The 25% loss recently reported by hedge fund manager Beacon Hill Asset Management was a result of a series of duration bets gone awry, according to several mortgage-backed securities professionals who have traded with the hedge fund. In short, the fund had structured a leveraged bet that interest rates would not continue to drop; when rates continued to decline, the fund was stuck with a large short position in the 10-year note, the primary beneficiary of the rate rally. Beacon Hill's CIO, Tom Daniels, referred questions to Wallach and Associates, who did not provide comments by press time.

The basis for the loss was a series of trades put on in inverse floaters carved from the support tranches of collateralized mortgage obligations, according to two individuals who sold the securities to Beacon Hill. These inverse floaters are highly negatively convex and structured to drastically shorten in duration in a falling rate environment. Against this, the fund had shorted a large number of 10-year U.S.Treasuries, which have a fixed duration.

The fund, in a prepared statement released two weeks ago to the Wall Street Journal, says its losses were due to "accelerated mortgage prepayments" and an increase in the price of U.S. Treasuries. This prompted reactions of scorn and incredulity from Beacon Hill's peers in the fixed-income arbitrage community, most of whom had spent the last several months positioning their portfolios to cope with historically low morgage rates and Treasury yields. "It is beyond preposterous, and speaks to the issue of credibility, to argue that any professional, let alone those guys, could have been surprised by [MBS] prepays at any level," said a manager at a large New York hedge fund.

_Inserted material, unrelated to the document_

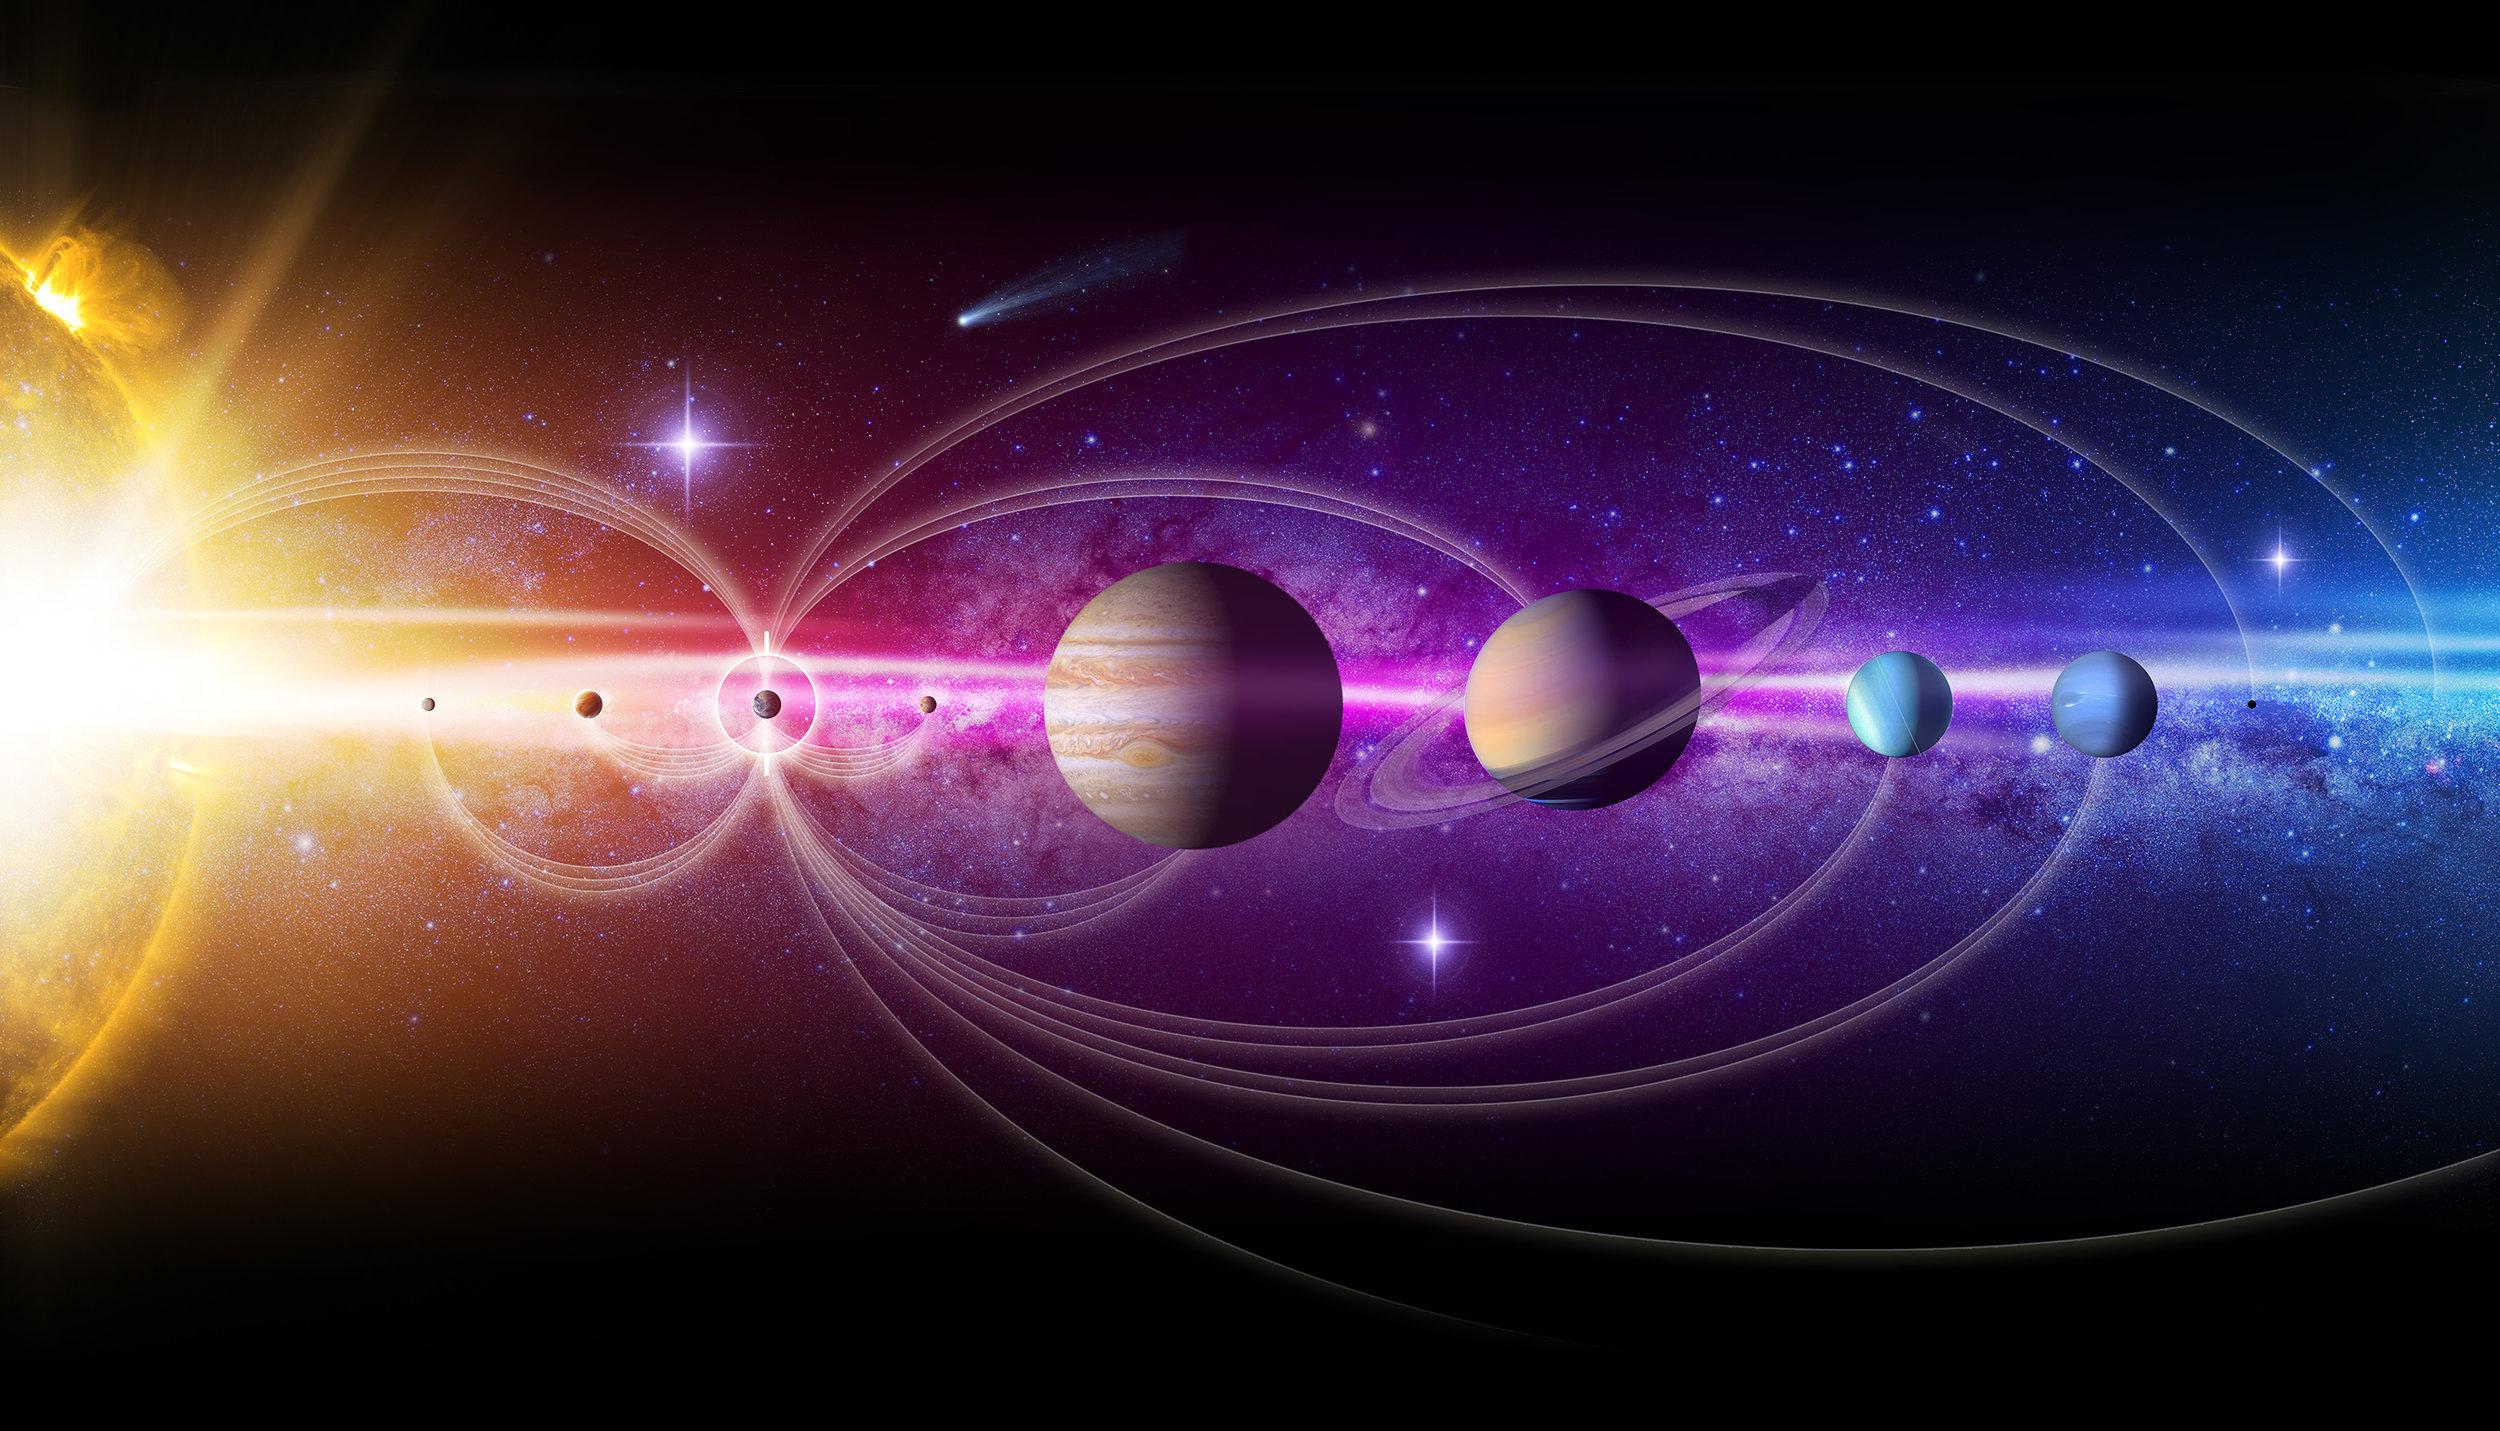 709_solarsystem_0.jpg

The trade could have been much less painful, argue several mortgage derivatives pros who count Beacon Hill as a client, had the fund simply decided to spend a little more money up front and buy the optionality needed to hedge the negative convexity of their portfolio. "I don't think their thinking was de facto inappropriate, in terms of thinking rates wouldn't move lower. What was inconceivable was that they simply bet the ranch on their hunch."

For now, Beacon Hill is said to be continuously reducing its positions, under order's from one of its largest customers, Société Générale, which had given the fund $100 million to manage in a separate account, according to a filing made last Thursday with the Irish Stock Exchange. The filing said SocGen has removed Beacon Hill from the management of its funds.